[Work task]: From the first line to the last, copy the material exactly and leave the pictures out.

[Material provided]:
☆ ☆ ☆ ☆ ☆ ☆ ☆

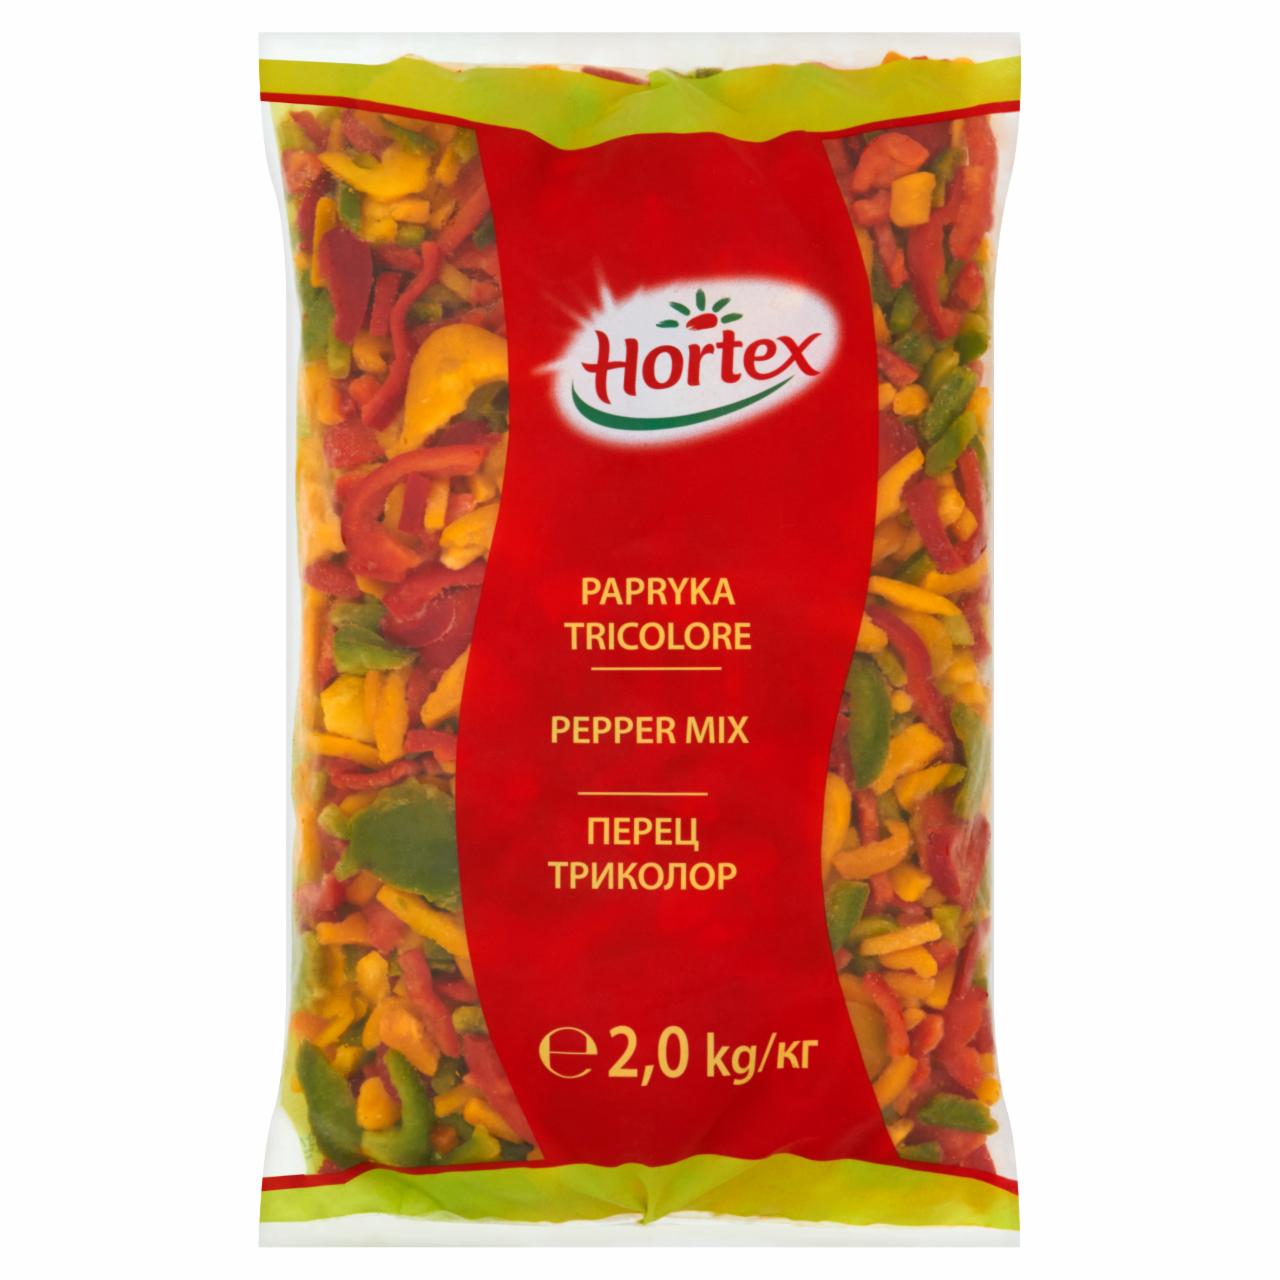 Zdjęcia - Hortex Papryka tricolore 2,0 kg
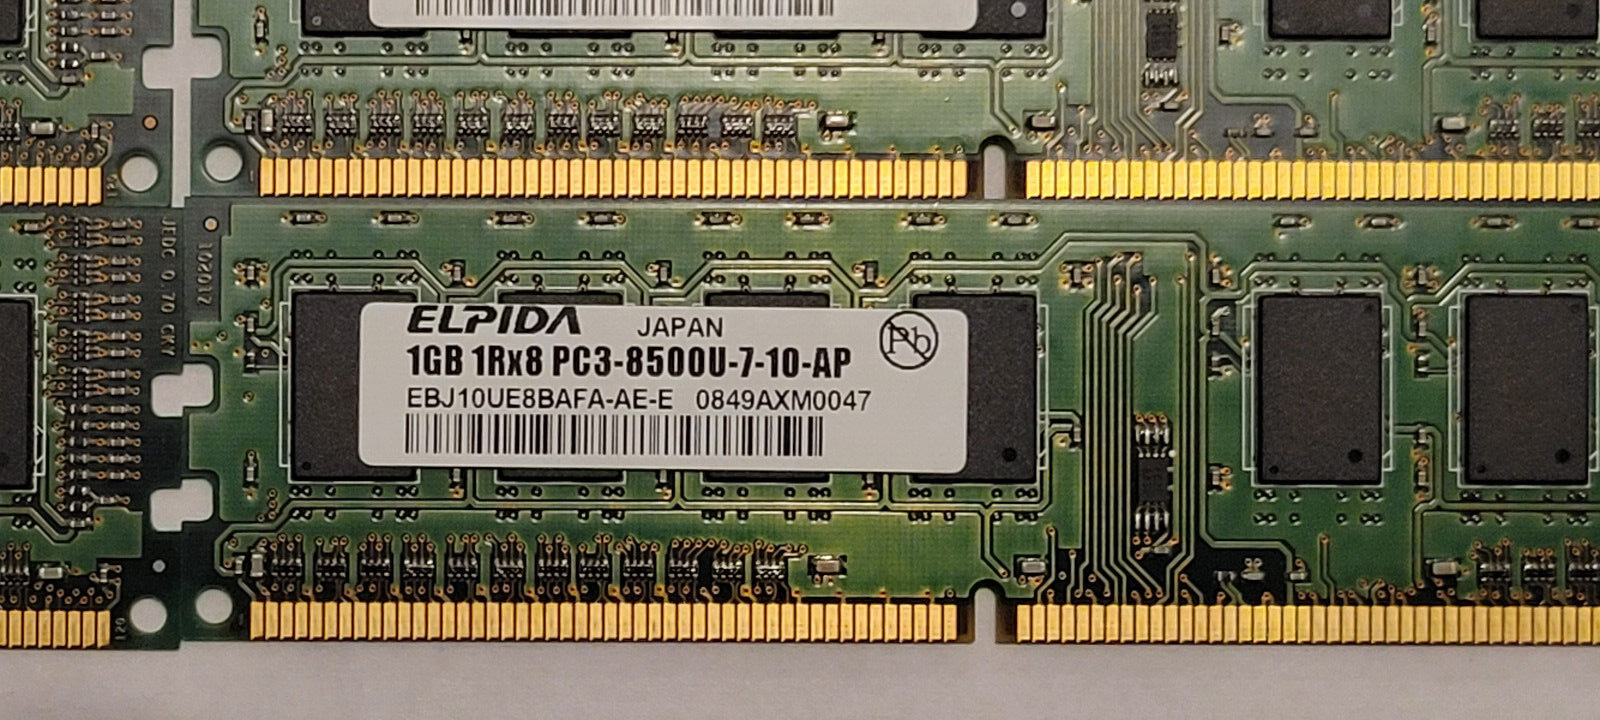 6x1GB  ELPIDA 1GB 1Rx8 PC3-8500U-7-10-AP Desktop Memory Stick EBJ10UE8BAFA-AE-E
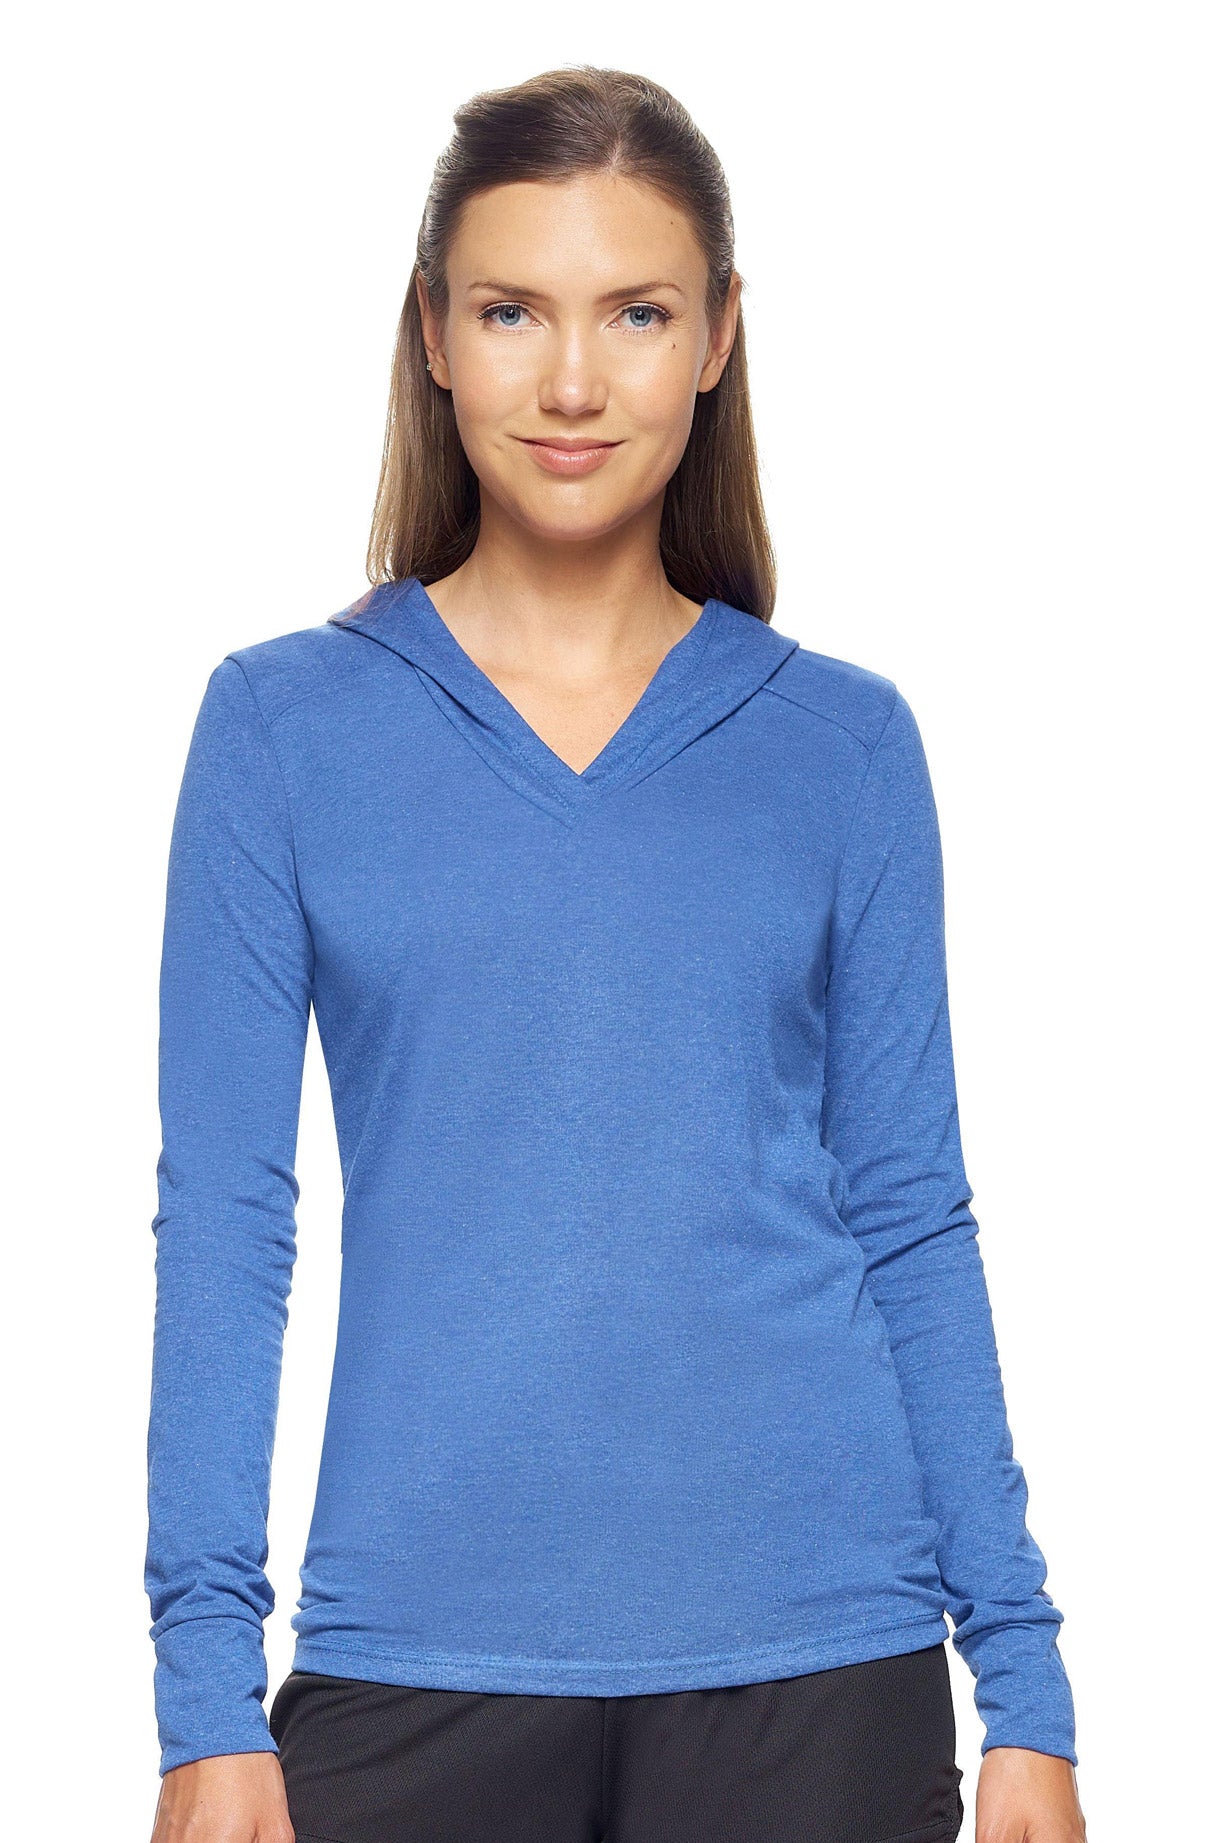 Expert Brand Wholesale Women's Hoodie Shirt Performance in Dark Heather Royal Blue#dark-heather-royal
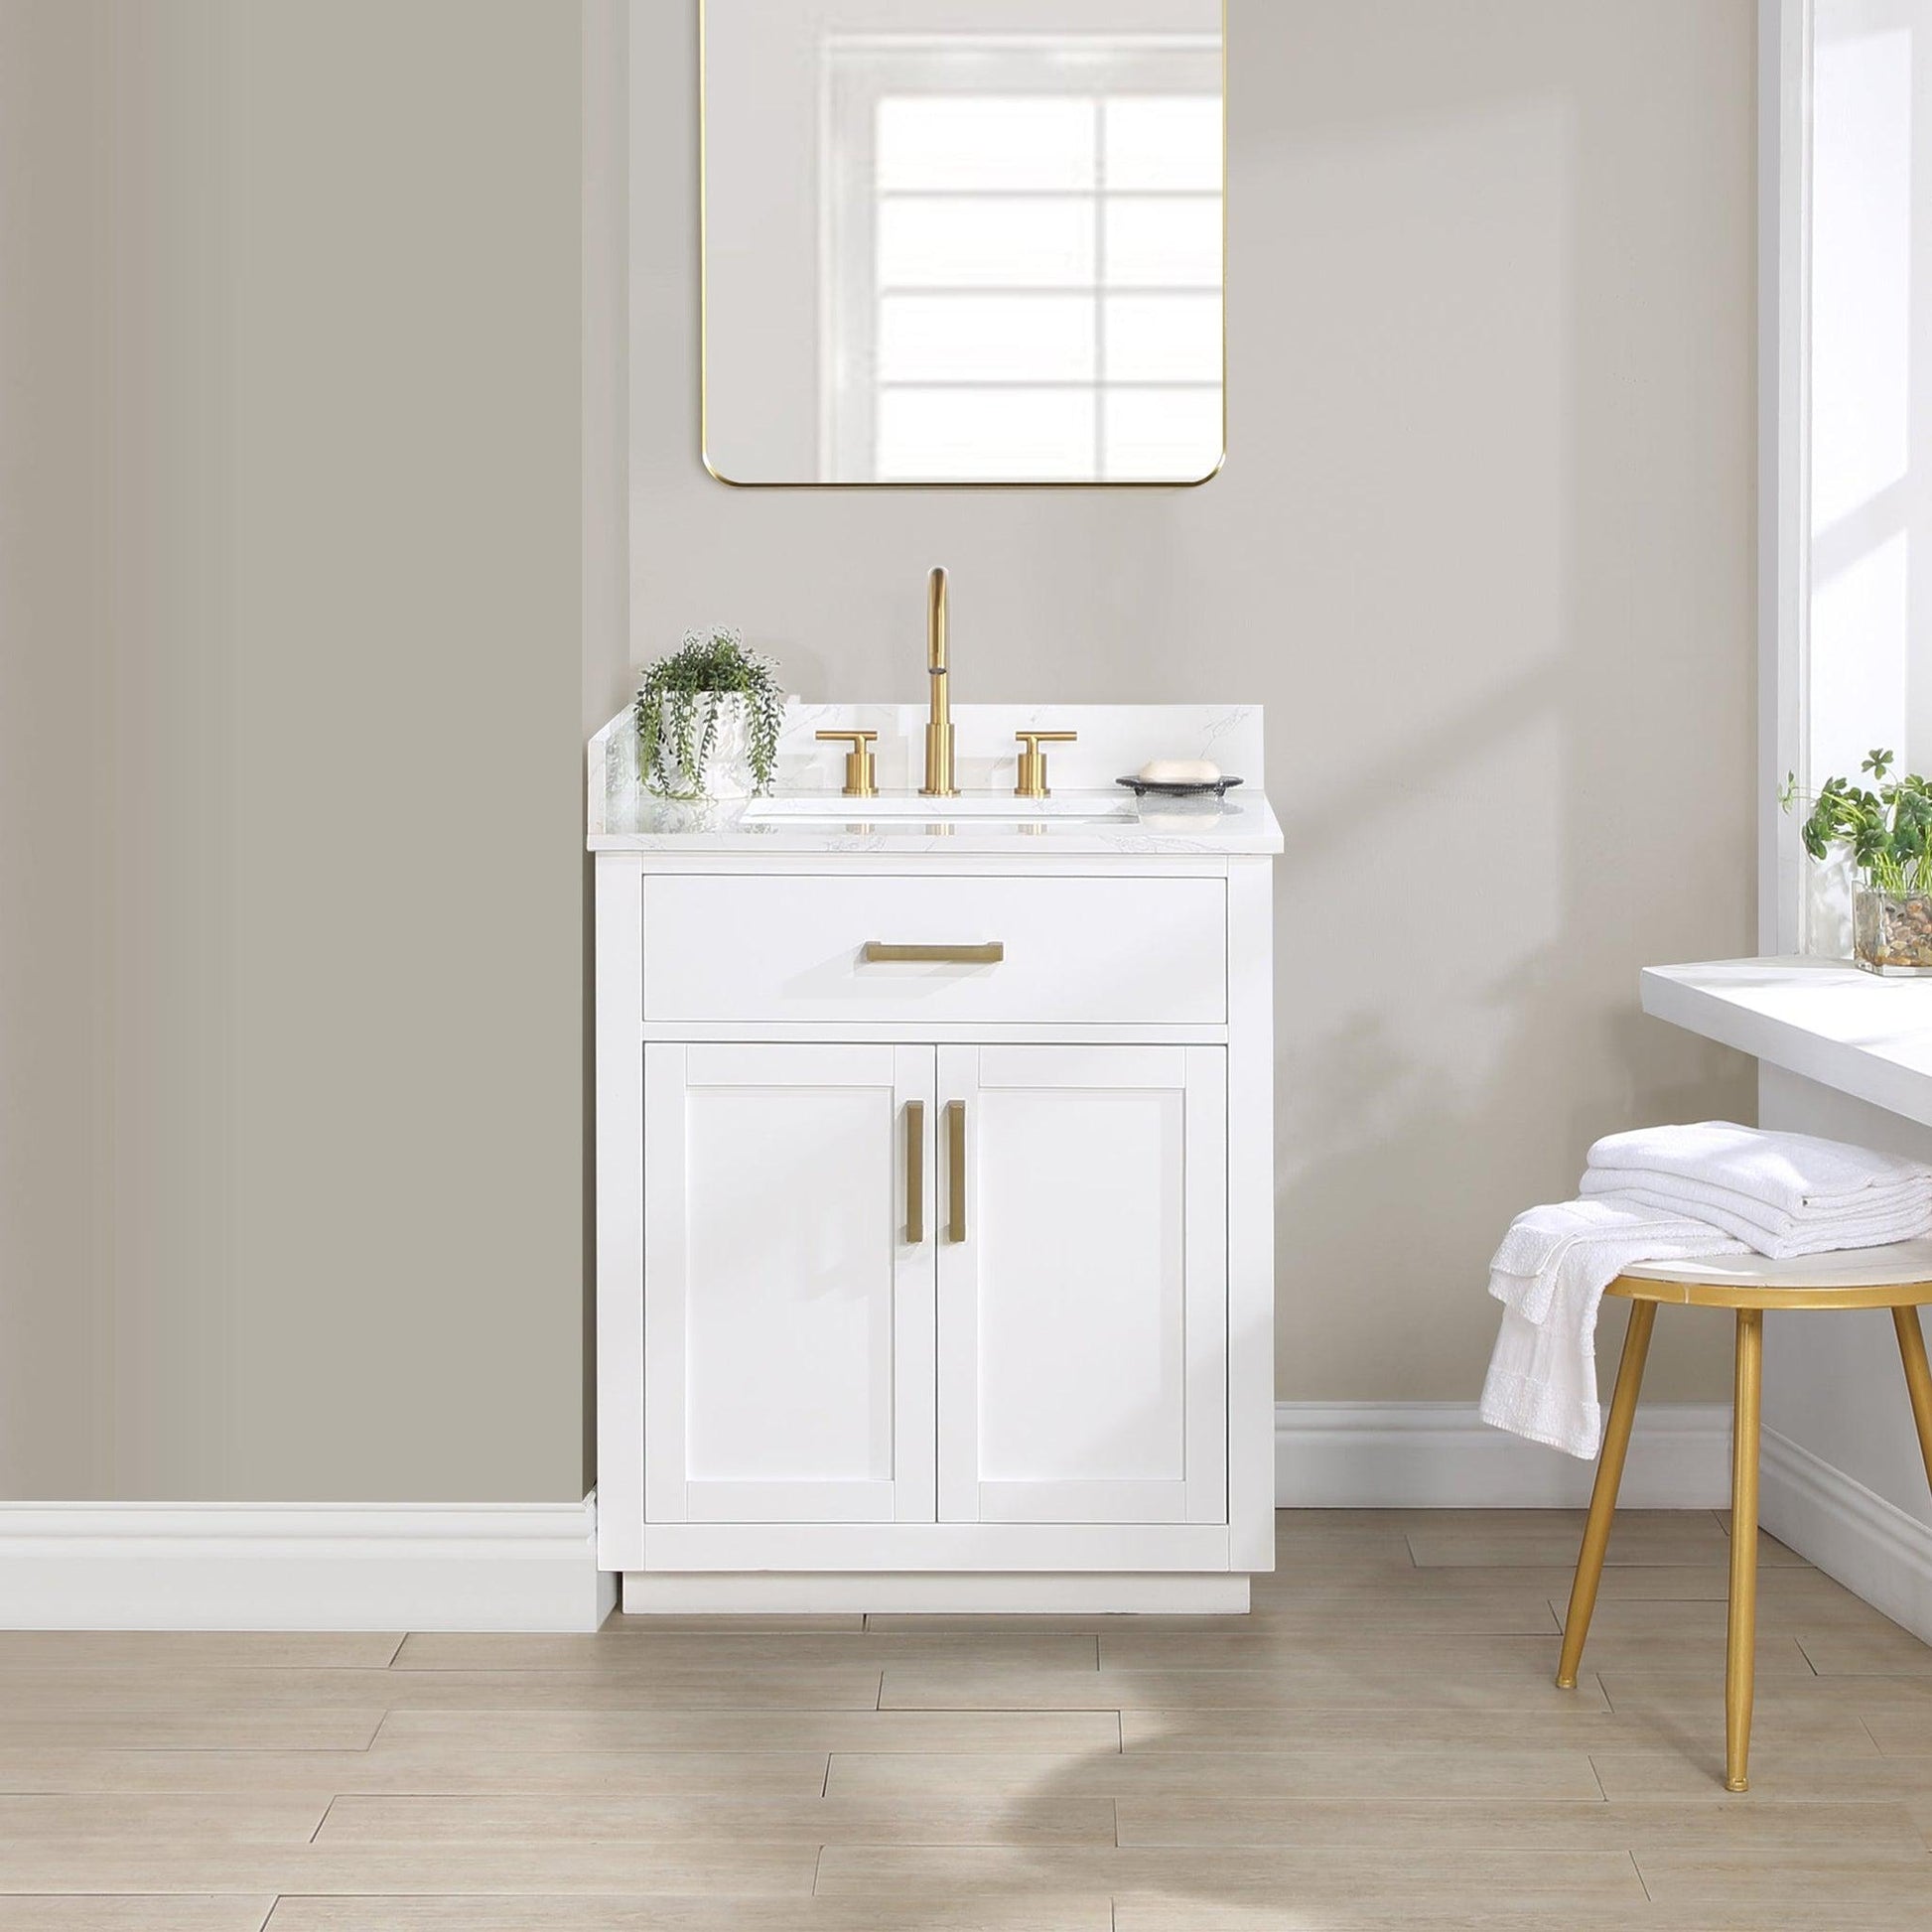 Altair Gavino 30" White Freestanding Single Bathroom Vanity Set With Grain White Composite Stone Top, Single Rectangular Undermount Ceramic Sink, Overflow, Sidesplash, and Backsplash

☆ ☆ ☆ ☆ ☆ ☆ ☆

[Exercise answer]:
 Zdjęcia - Hortex Papryka tricolore 2,0 kg
 6x1GB  ELPIDA 1GB 1Rx8 PC3-8500U-7-10-AP Desktop Memory Stick EBJ10UE8BAFA-AE-E
 Expert Brand Wholesale Women's Hoodie Shirt Performance in Dark Heather Royal Blue#dark-heather-royal
 Altair Gavino 30" White Freestanding Single Bathroom Vanity Set With Grain White Composite Stone Top, Single Rectangular Undermount Ceramic Sink, Overflow, Sidesplash, and Backsplash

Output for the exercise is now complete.